Ironically, the region’s prosperity — all three major communities, Hindu, Christian and Muslim, being reasonably better off here — is precisely what seems to also breed division. Particularly, the purchasing and trading power of the Muslim community, with many Gulf returnees among them and robust remittances for most others, is a source of underlying envy for the educated unemployed non-Muslim youth.

The coastal region’s prosperity — it’s second only to Bengaluru — has another interesting spinoff. The youth don’t want to leave home for greener pastures. However, the state seems to have largely failed in providing employment to those who don’t want to go abroad or to Bengaluru.

The youth staring at a bleak job market constitute a subterranean reason, and base, for the social unrest. There is a mismatch between expectations and what three years of BJP government has delivered — and no amount of Gadbad ice cream at a swanky mall can cool the tempers of the soul.

At any rate, unless it messes up, the Congress may be in line to pocket a few seats. In Mangaluru constituency, it has a reasonably popular MLA in UT Khader — being challenged by Satish Kumpala of the BJP — and the Muslim majority may tilt it in his favour. Likewise, in Muslim-dominated Bantwal, Congress warhorse Ramanath Rai’s announcement that it would be his last election may seal the edge he has over Rajesh Naik of the BJP.

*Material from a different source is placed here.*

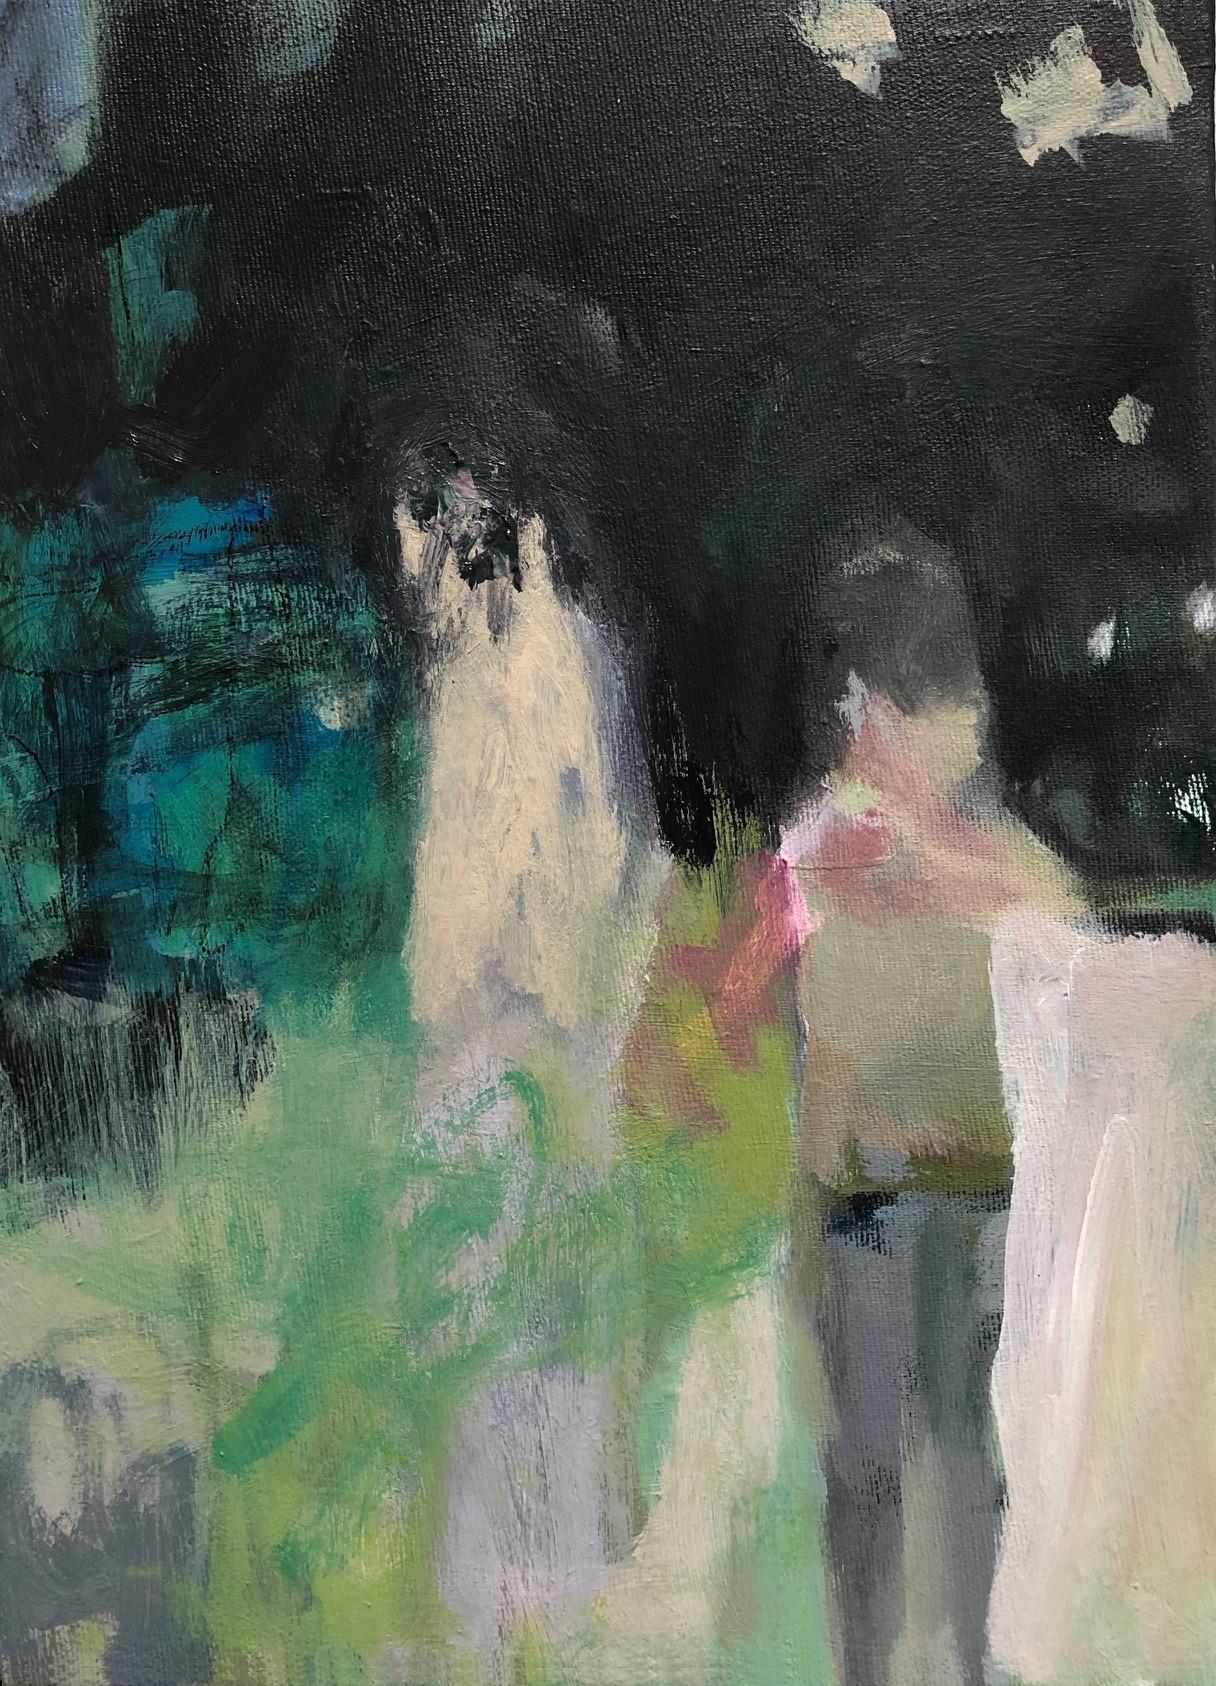 catherine-seher-artiste-peintre-expositi
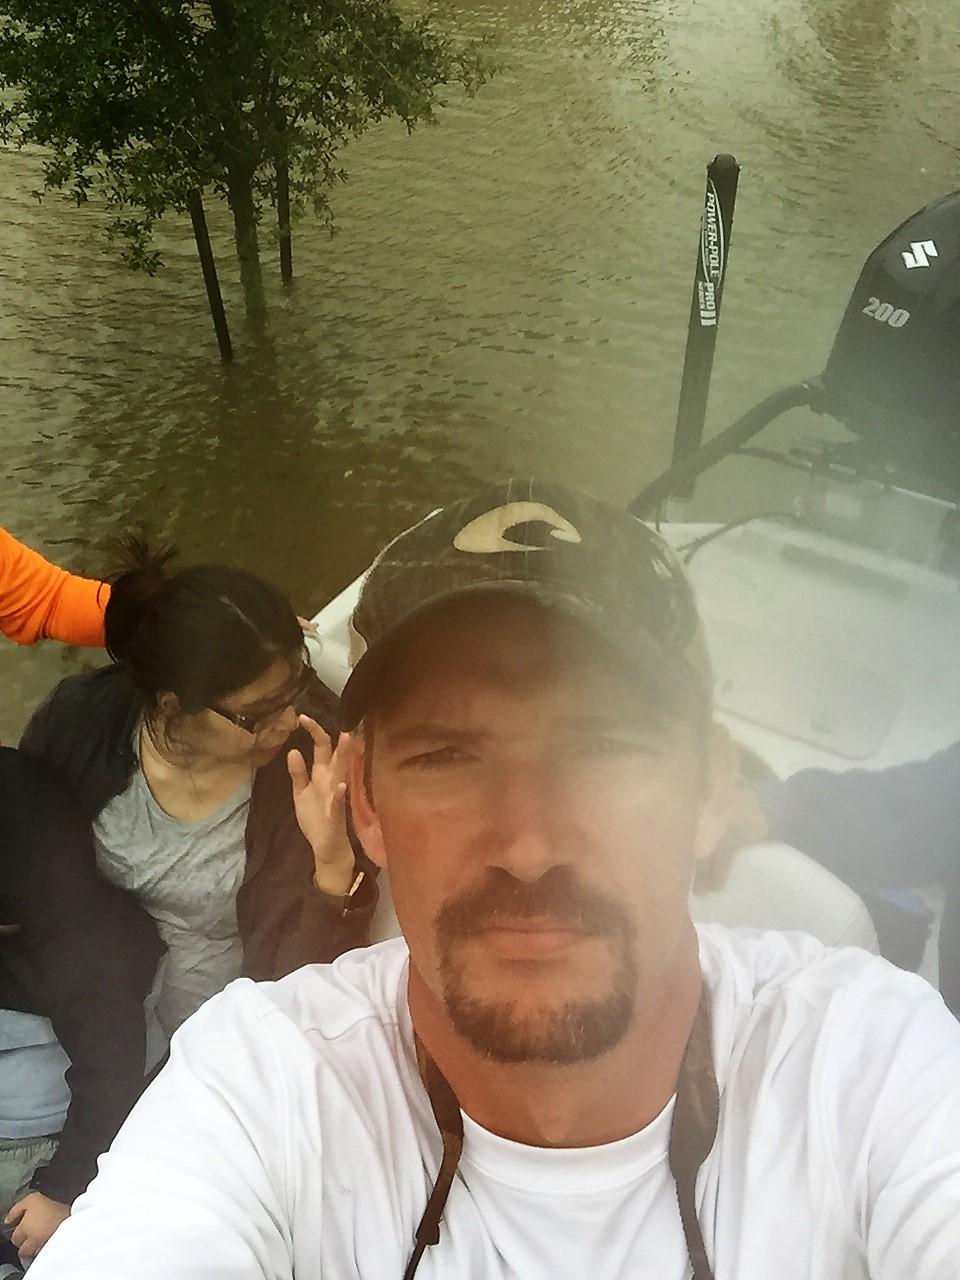 Hurrican arvey Help

In Puttur, the BJP’s Asha Thimmappa Gowda is having a tough fight against Ashok Kumar Rai of the Congress. BJP rebel Arunkumar Puttila is likely to split votes, benefiting the Congress in this Vokkaligadominated segment. Moodbidri is witnessing a fight between Umanath Kotian (BJP) and young Mithun Rai (Congress), where Congress is playing the youth card.

The Billava community, to which the BJP candidate belongs, is in a majority here— and he, therefore, has a head start. A significant part of coastal Tulunadu’s backward spectrum, the Billavas have been supporting the saffron ideology for years despite having veterans like Janardhana Poojary in the Congress. But intense caste-based bargaining for development perks—the state announced a Sri Narayana Guru Development Corporation as a last-minute sop—gives notice to factors at play deeper than adhesive Hindutva.

In the rest, local opinion is in favour of the BJP. An NSUI volunteer at a Rahul rally put it simply: “We’re in a fight for five.” Seats, that is. Margaret Alva’s son Nivedith Alva contesting from Kumta is seen mostly as a trial balloon, especially after the near-clean sweep of the region by the BJP in 2018 and 2019.